Requirement: Begin the copy at the line containing "Night view of" and end it at the final line of the material below, reproducing each line exactly, without images.

Given data:
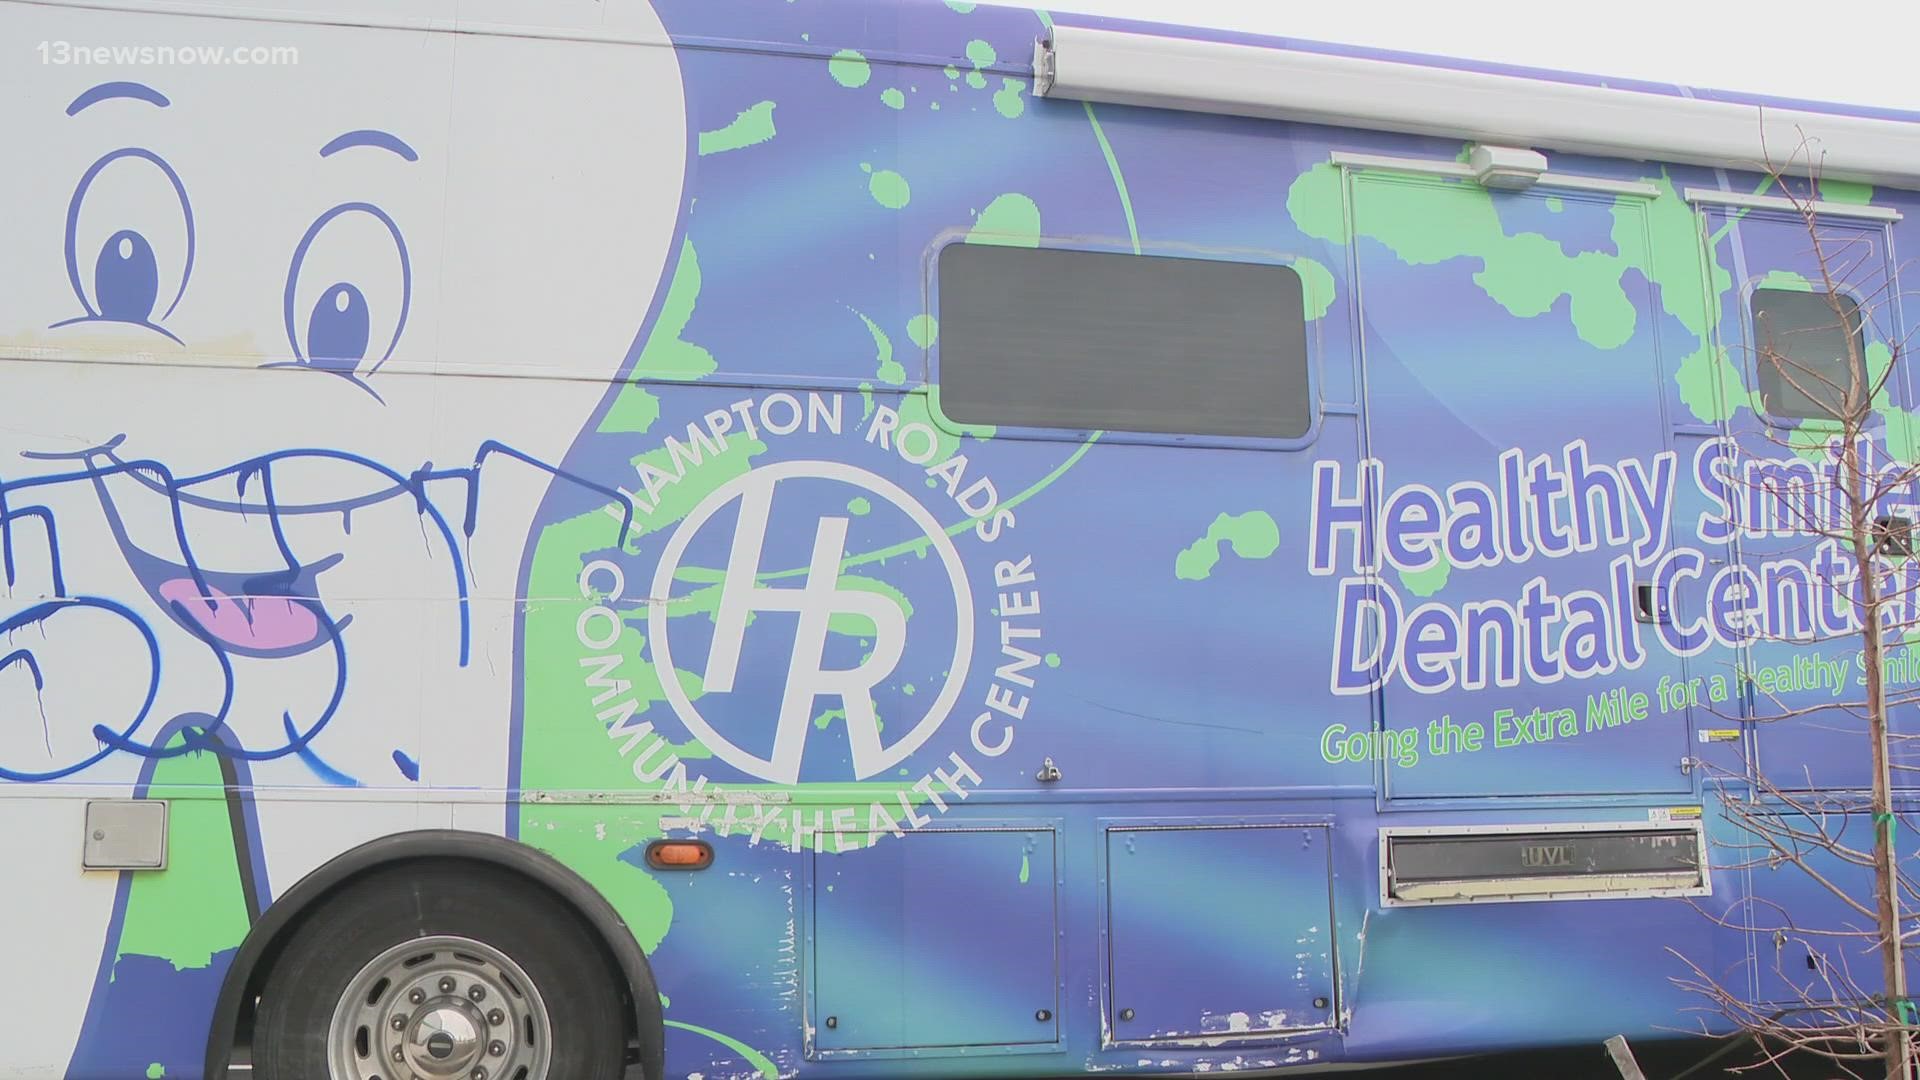 Thousands of federal dollars will help get the van, which provides needed care for kids in several cities, back on the road and with improvements.
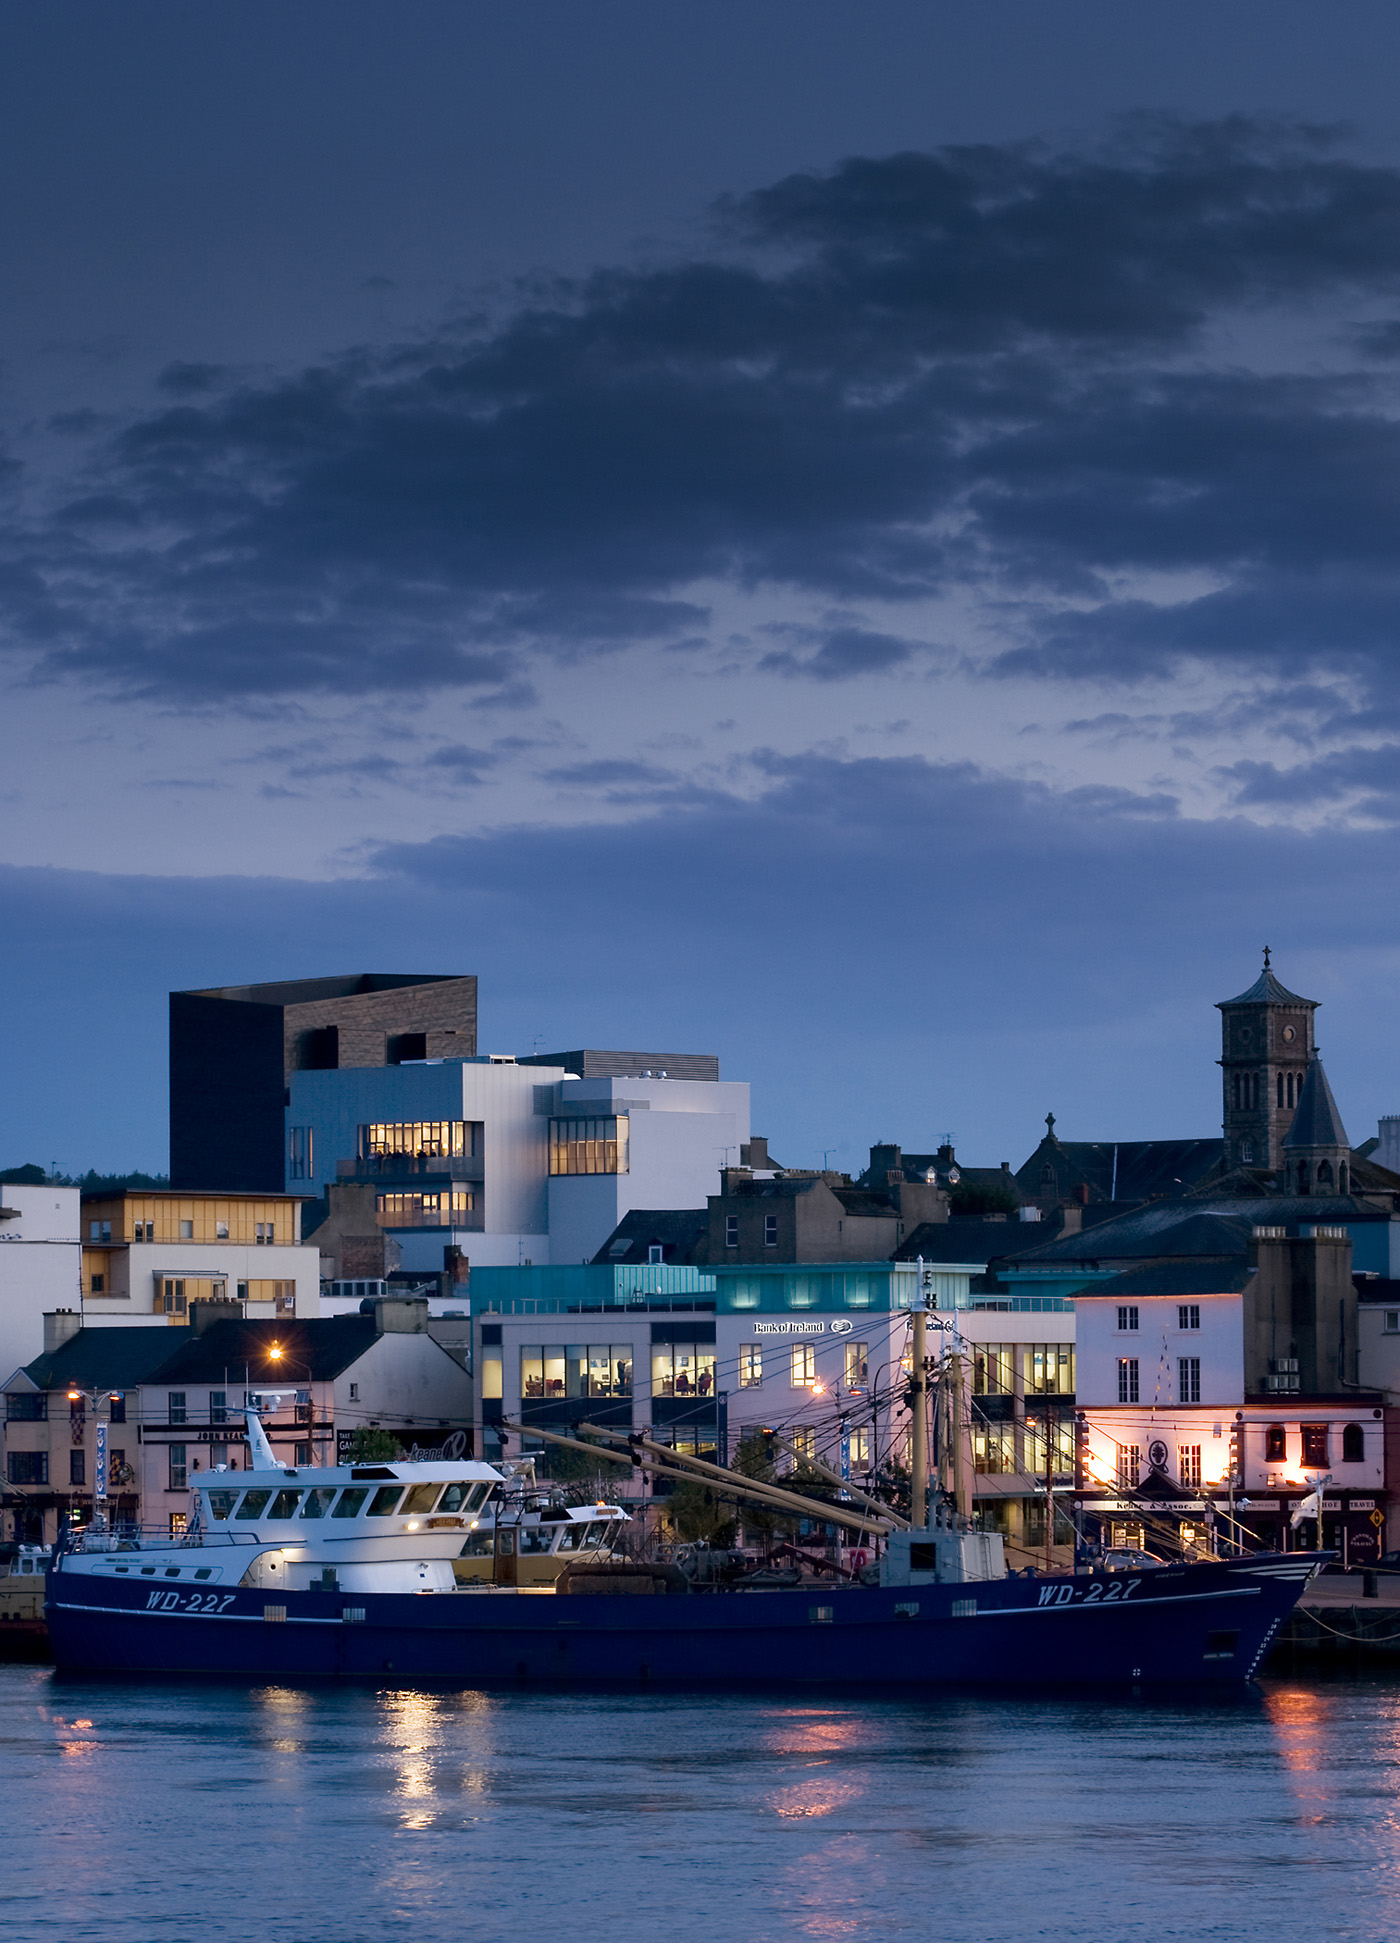 Night view of the National Opera House and waterfront viewed from across the River Slaney, Wexford Ireland. One of the great small opera houses of the world.
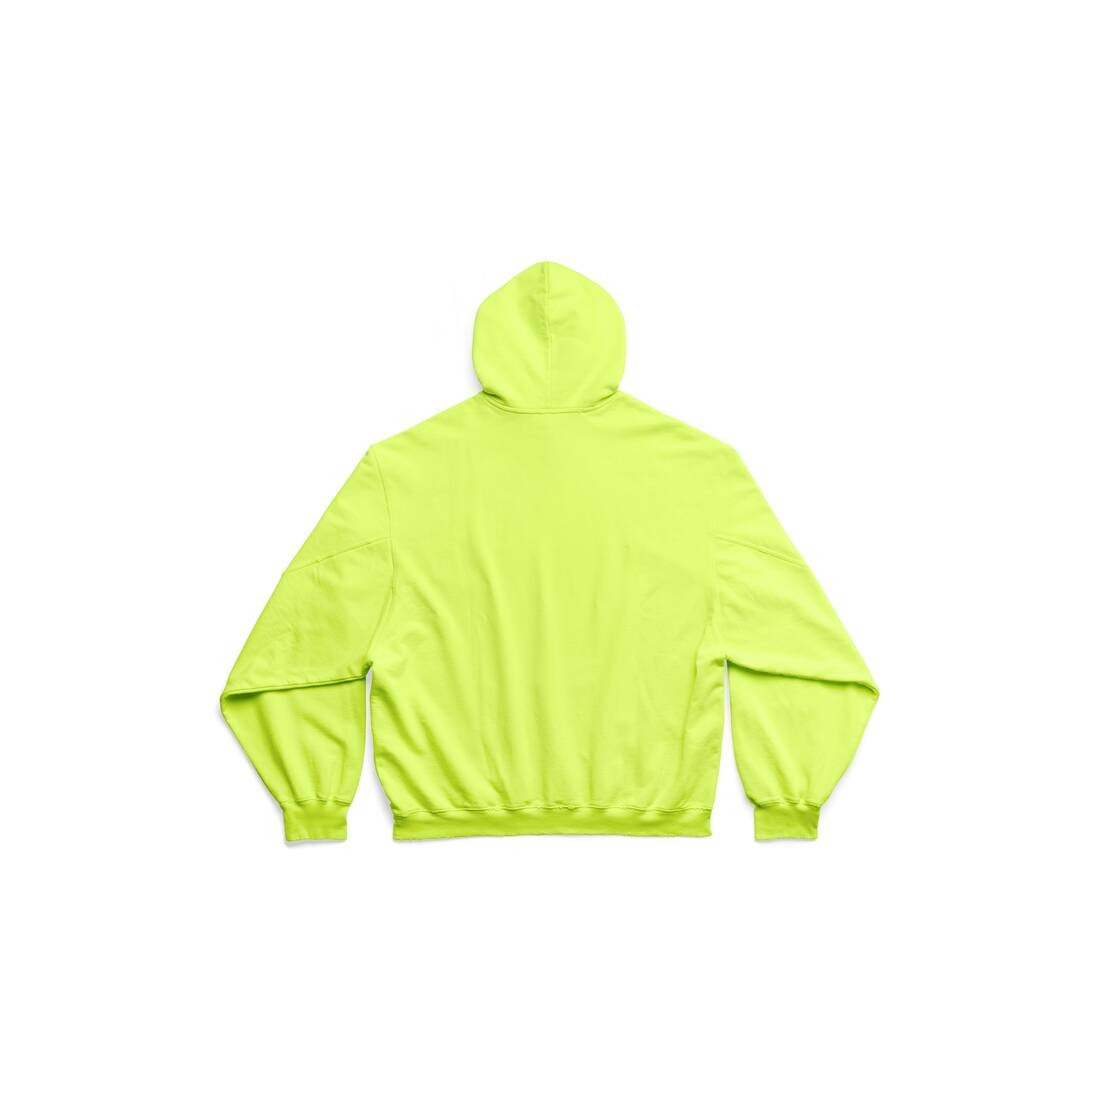 Caps Destroyed Hoodie in Fluo Yellow

Solved exercise:
 Night view of the National Opera House and waterfront viewed from across the River Slaney, Wexford Ireland. One of the great small opera houses of the world.
 Caps Destroyed Hoodie in Fluo Yellow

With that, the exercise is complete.